Inflation Fears Ease — So Watch Out!
As I’ve pointed out before, the extreme leverage increases in our economy created a false inflation, and the de-leveraging is an inherently deflationary process.
There are signs that this false inflation is easing, and possibly even heading into a deflationary curve.
Consumer prices were flat in September as retreating costs for gasoline, clothes and new cars helped to offset rising prices for food, medical care and other things.
The new reading on the Consumer Price Index, the government’s most closely watched inflation barometer, came after prices actually dipped by 0.1 percent in August, the Labor Department reported Thursday.
In the inflation report, when energy and food products are stripped out, “core” prices inched up by just 0.1 percent in September, an improvement from a 0.2 percent advance in August.
The latest showing on inflation was better than economists expected. They were forecasting a 0.1 percent increase in overall prices and a 0.2 percent rise minus energy and food.
I’ve been watching locally as gas prices here in Orange County have dropped, from the $4.50/gallon range at the high points down into the $3.35/gallon range this morning. As they tend to lag the price of oil, they could drop even further. The [impending or currently existing] recession is eating into demand for most consumer goods, which puts downward pressure on prices for those as well.
Food is holding steady, but if we can get some pressure in Washington to end our silly corn ethanol program (only possible if Congressional Democrats try to punish their Midwestern Republican opponents), it could reduce prices there as well.
So why do I say watch out?
With the economy in for a period of weakness that could extend well into next year, inflation should also moderate, Bernanke and other Fed officials predict. Tamer inflation would give the Fed more leeway to slice rates again or at least keep them at low levels for some time.
“The rapidly disappearing inflation threat is providing the Federal Reserve full latitude to move to an easing bias on rates to combat the recession as well as the ongoing financial crisis,” said Brian Bethune, economist at Global Insight.
Many economists believe there’s a strong chance the Fed will lower rates at its next regularly scheduled meeting later this month. In an unprecedented assault on the financial crisis, the Fed and other major central banks together reduced rates last week. The Fed’s main rate dropped to 1.50 percent, from 2 percent.
He says this coming off a 2-week bender where the Fed, the Treasury, and our elected officials have pledged to throw liquidity at the problem to “unfreeze” this market. Now, there’s a chance that our super-intelligent always-prudent benevolent masters in Washington may lay down exactly the right amount of liquidity to forestall deflation, get markets moving, and not create inflation of their own… Yeah, that’s about as likely to happen as France adopting a 55-hour work week.

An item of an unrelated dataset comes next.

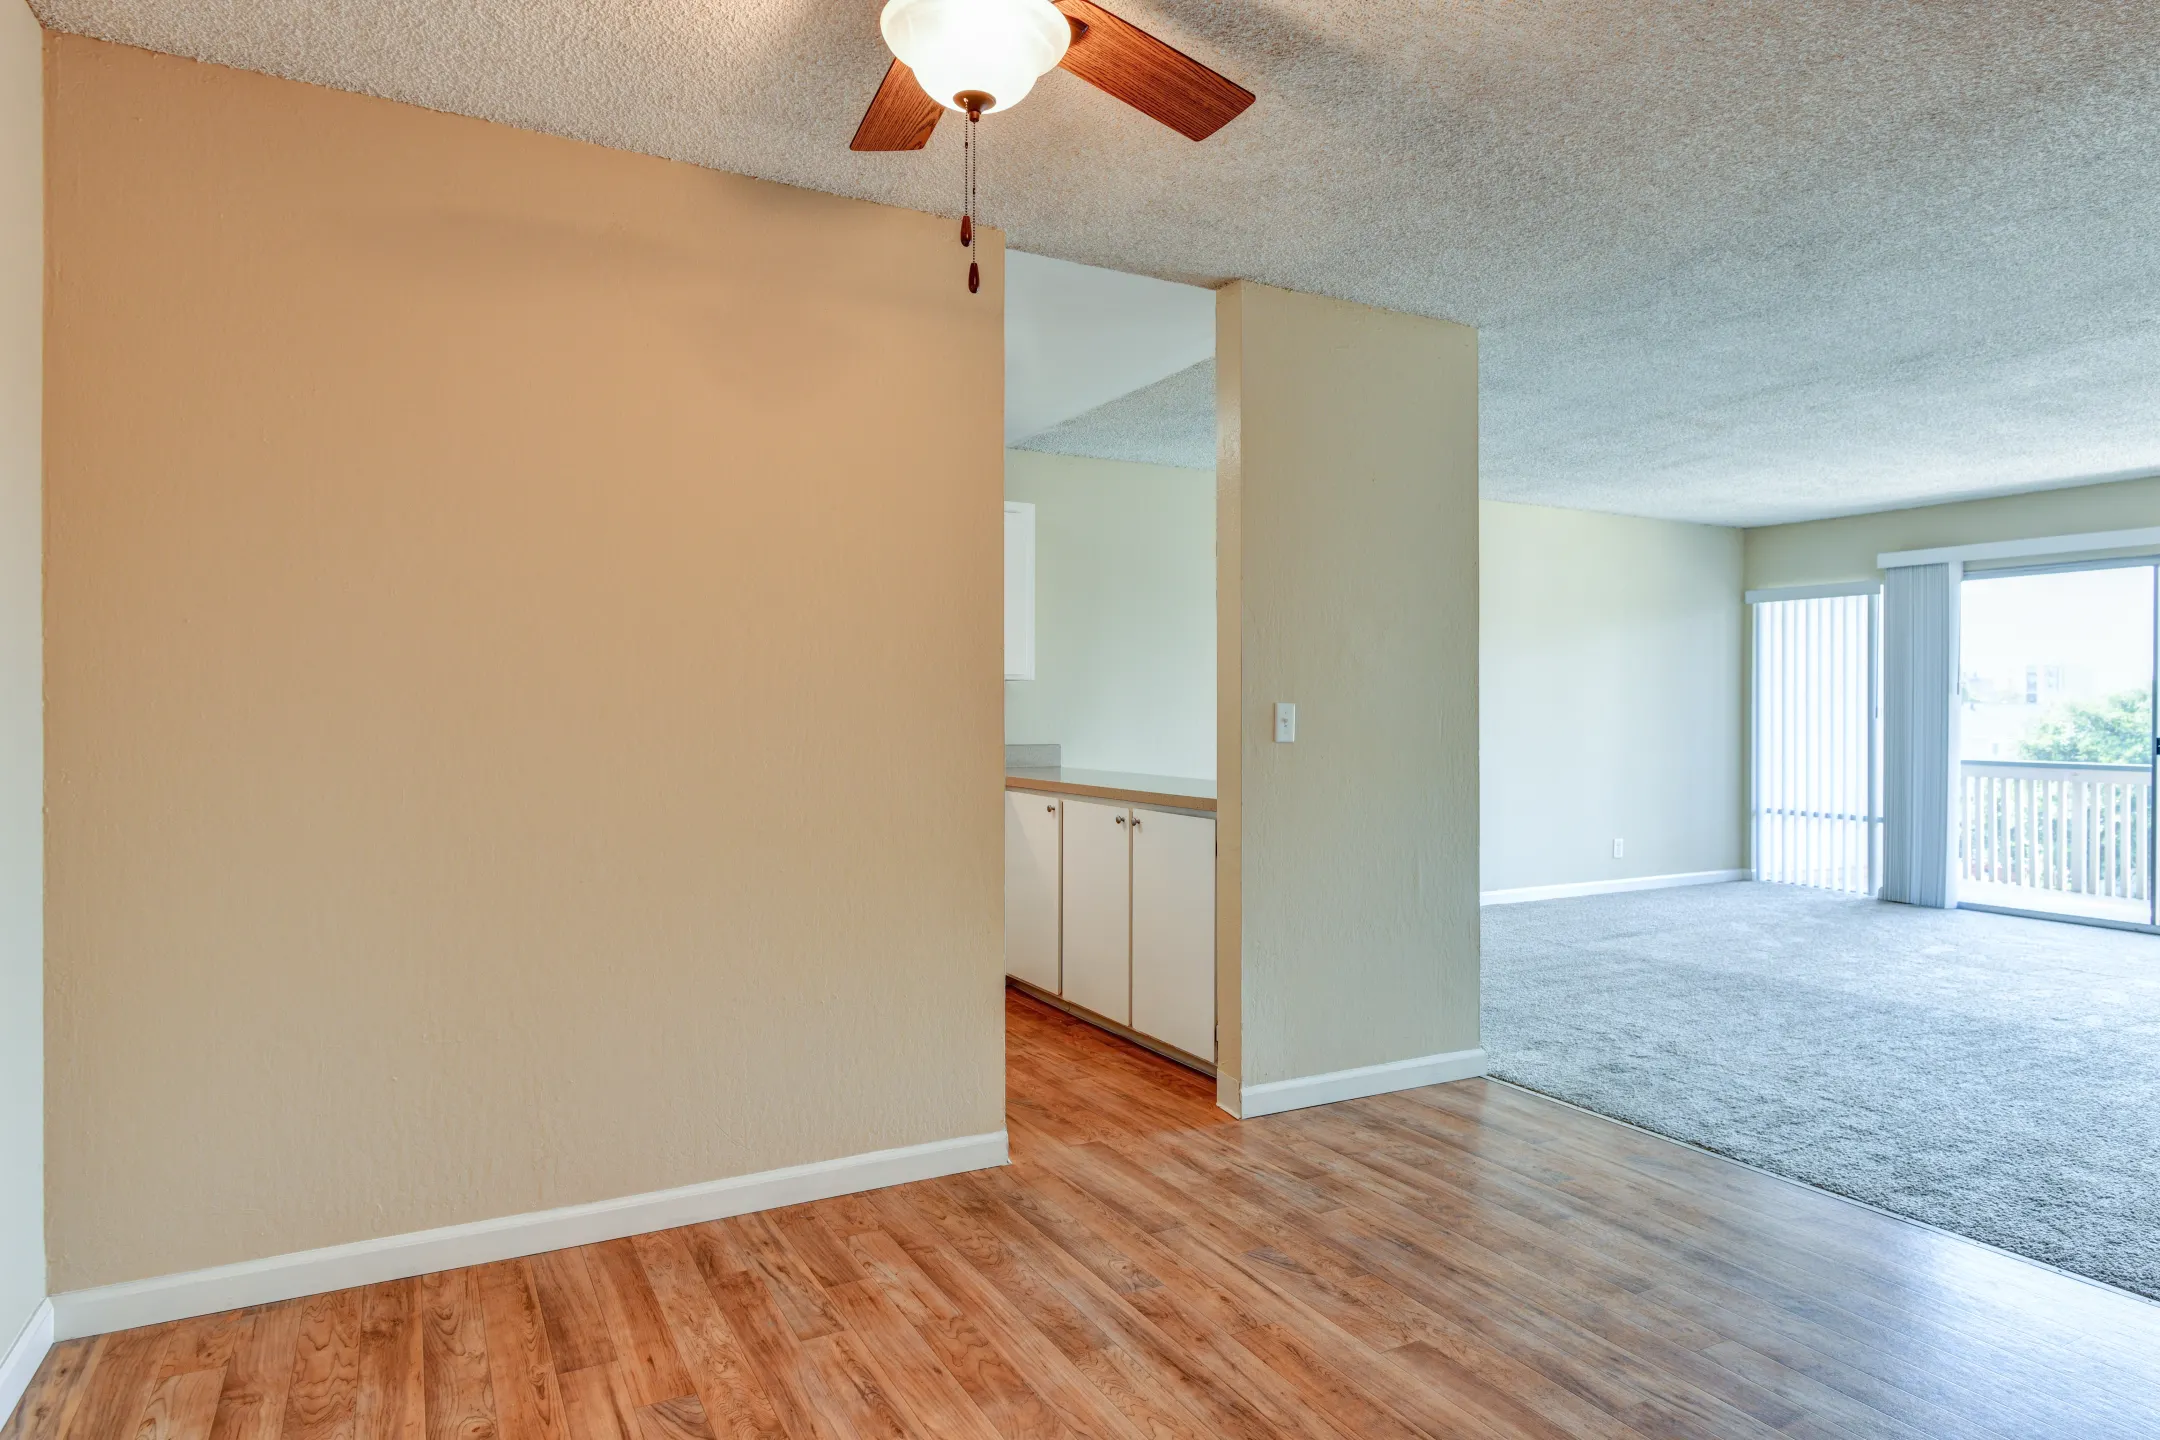 Dining Room - Tradewinds Apartments - Foster City, CA

Much more likely is the scenario where our government throws dollar after dollar, rate cut after rate cut, and stimulus package after stimulus package at the problem until they see movement. After all, now that they know inflation fears are “disappearing”, they know that they have “full latitude” to act. Once they begin to see movement, they’ll finally realize that all those free dollars had a lag period and that they’ve overreached. We’ll have “booming growth” on paper as the value of our money erodes.
Sadly, only the few of us who know that these cycles are induced by a loose monetary system— those of us who saw this problem coming 2+ years ago— will accurately diagnose that the apparent growth is a chimera. And as usual, nobody will listen until it’s too late. They’ll blame the guy in office, and get ready to elect their next
savior politician to take care of them. “Pay no attention to the man behind the curtain! All hail the Wizard!”